DATASET CONTENT:
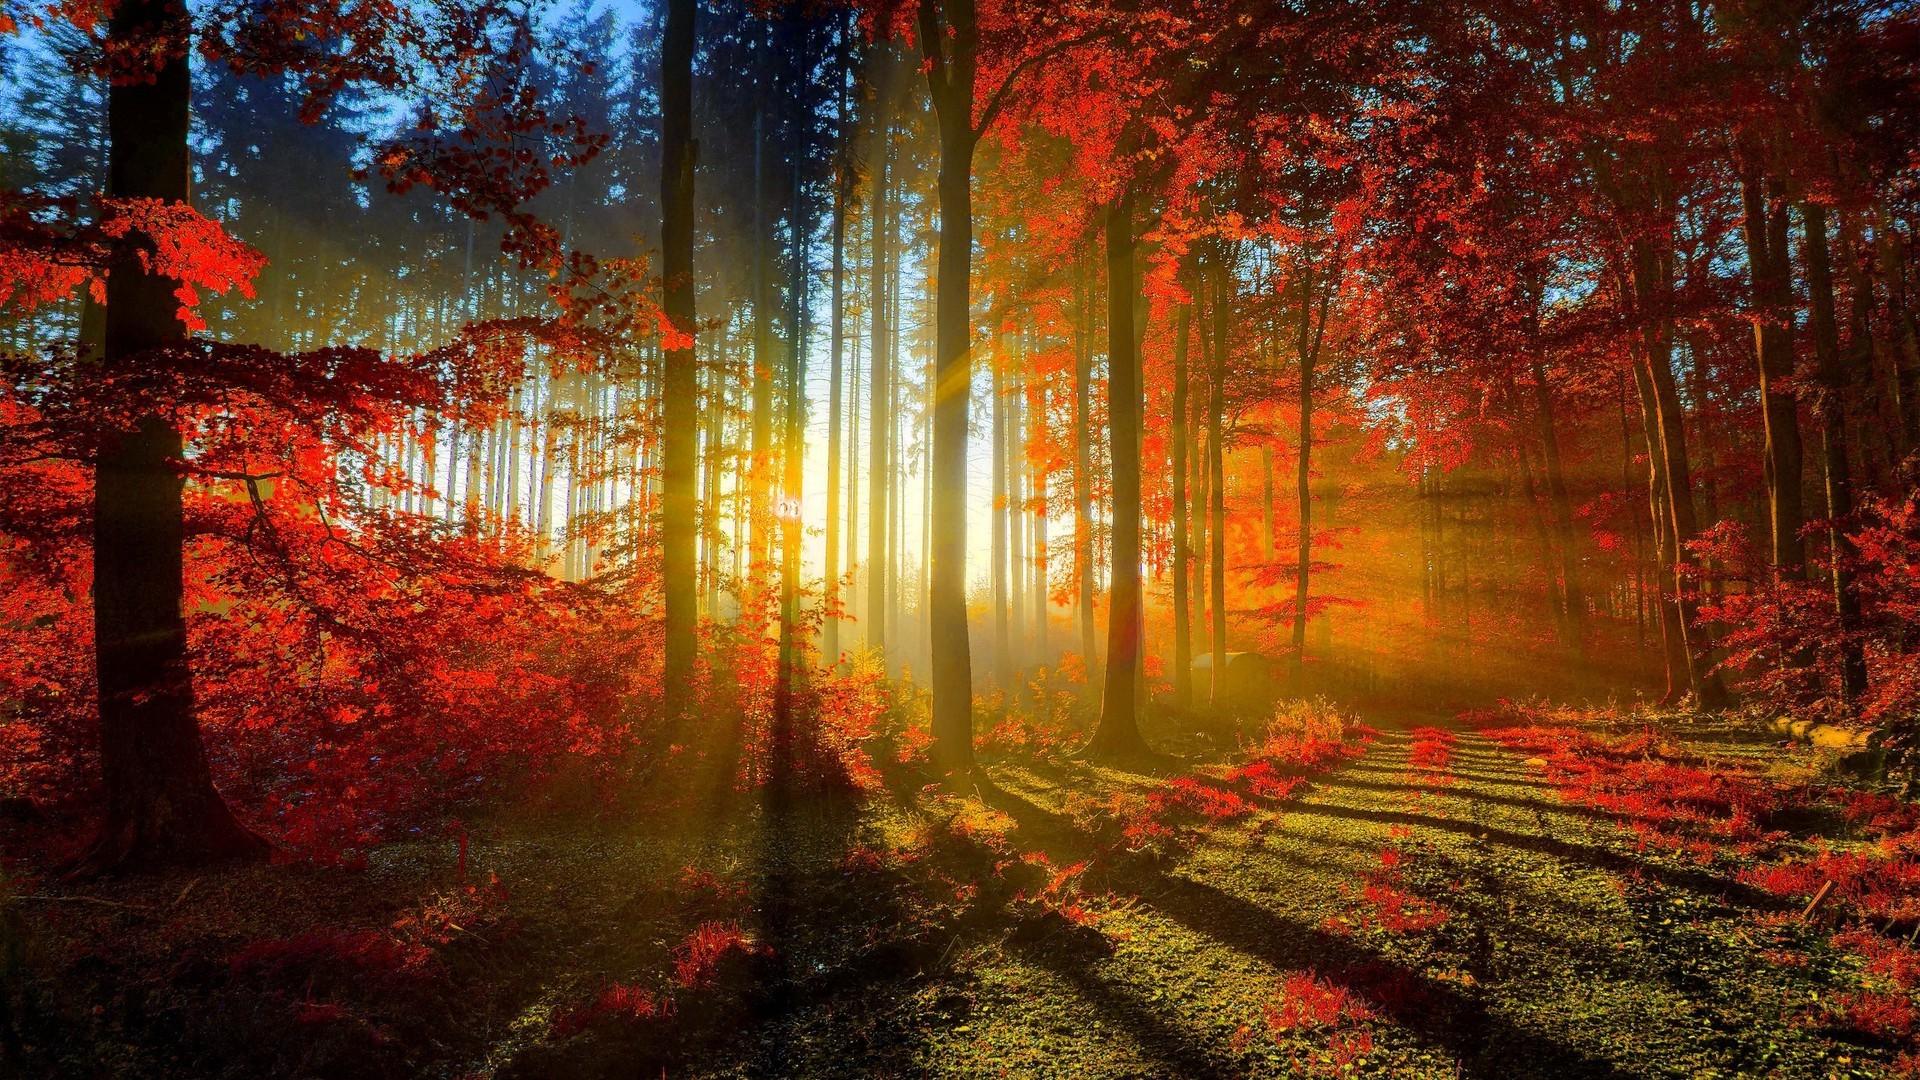 Beautiful Nature Hd Wallpapers  Download 15863 Wallpaper 1920x1080
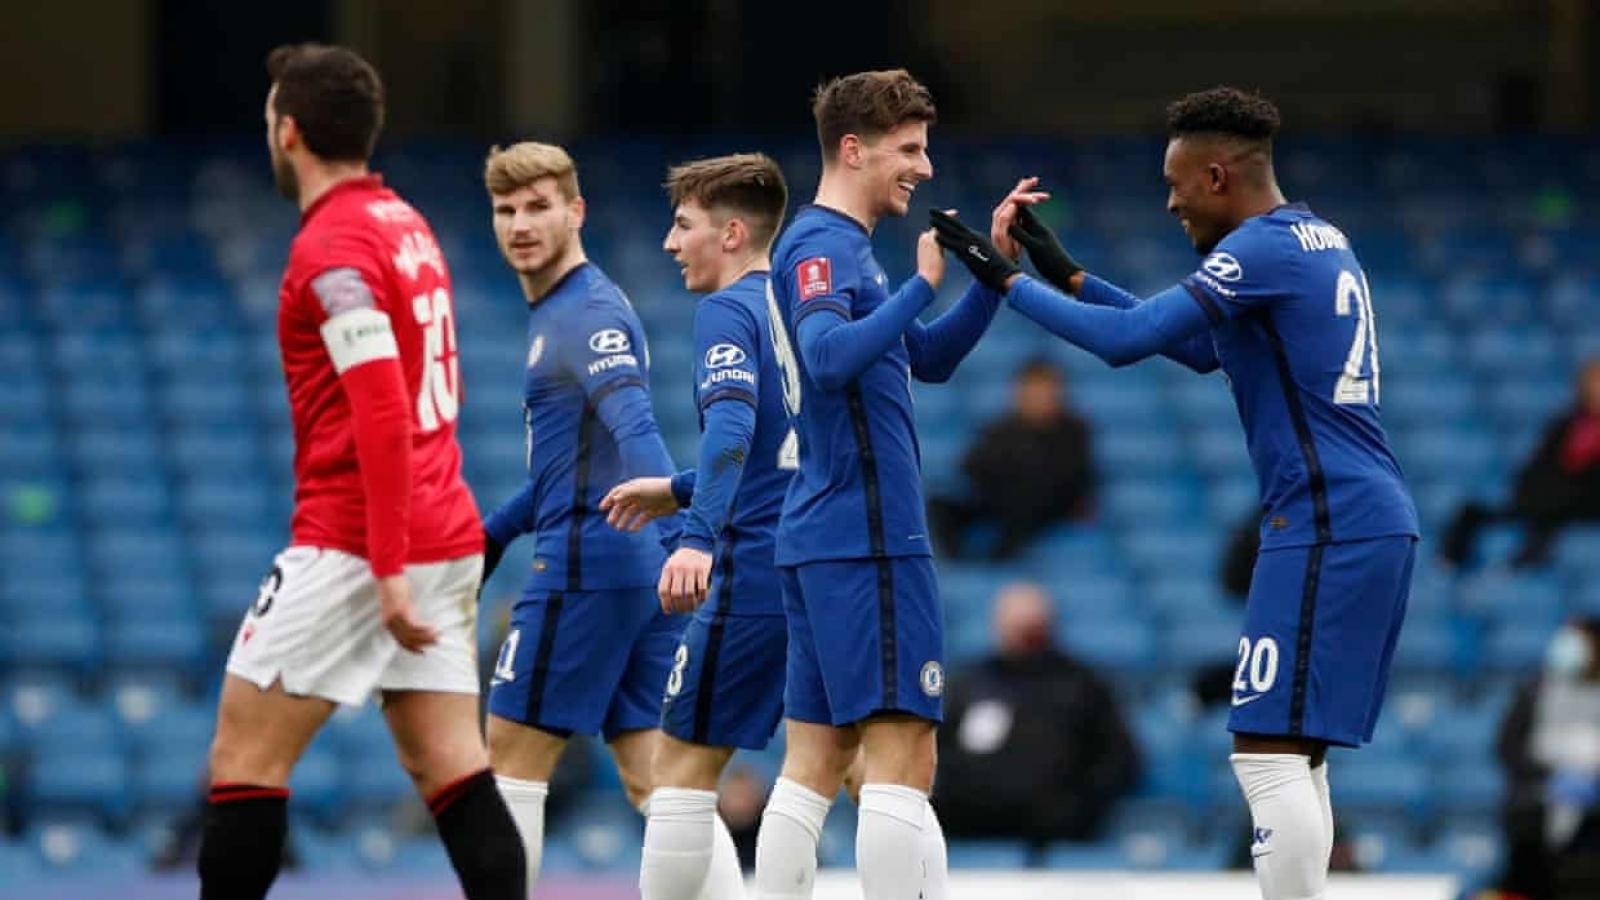 Vòng 3 FA Cup: Chelsea, Man City thắng trận tưng bừng
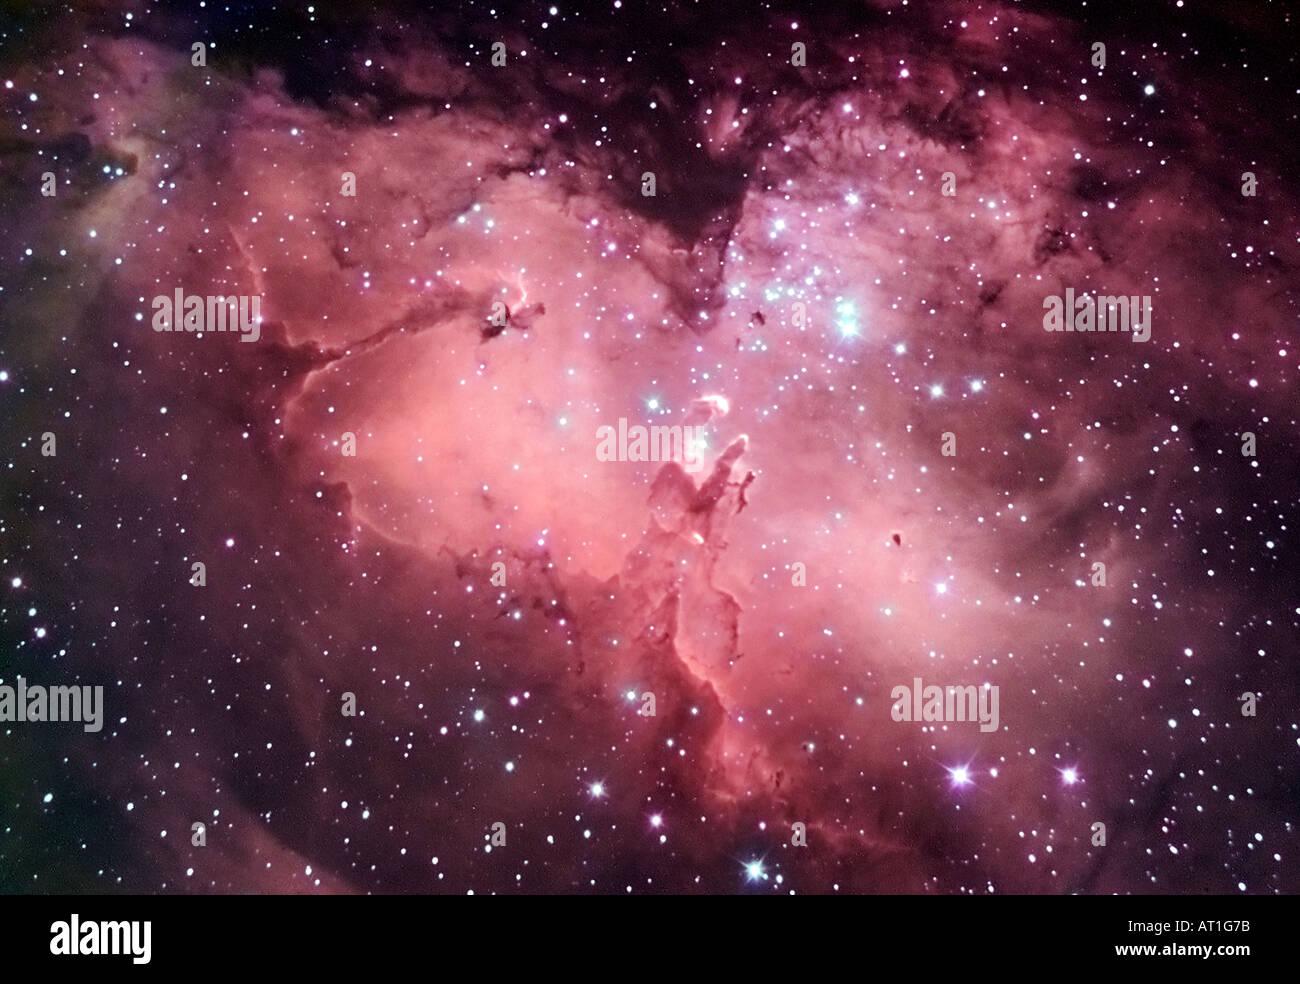 m16-eagle-nebula-in-snake-constellation-

EXERCISE DETAILS: An exact, image-free transcript of the material is required.

OUTPUT OF THE EXERCISE:
 Beautiful Nature Hd Wallpapers  Download 15863 Wallpaper 1920x1080
 Vòng 3 FA Cup: Chelsea, Man City thắng trận tưng bừng
 m16-eagle-nebula-in-snake-constellation-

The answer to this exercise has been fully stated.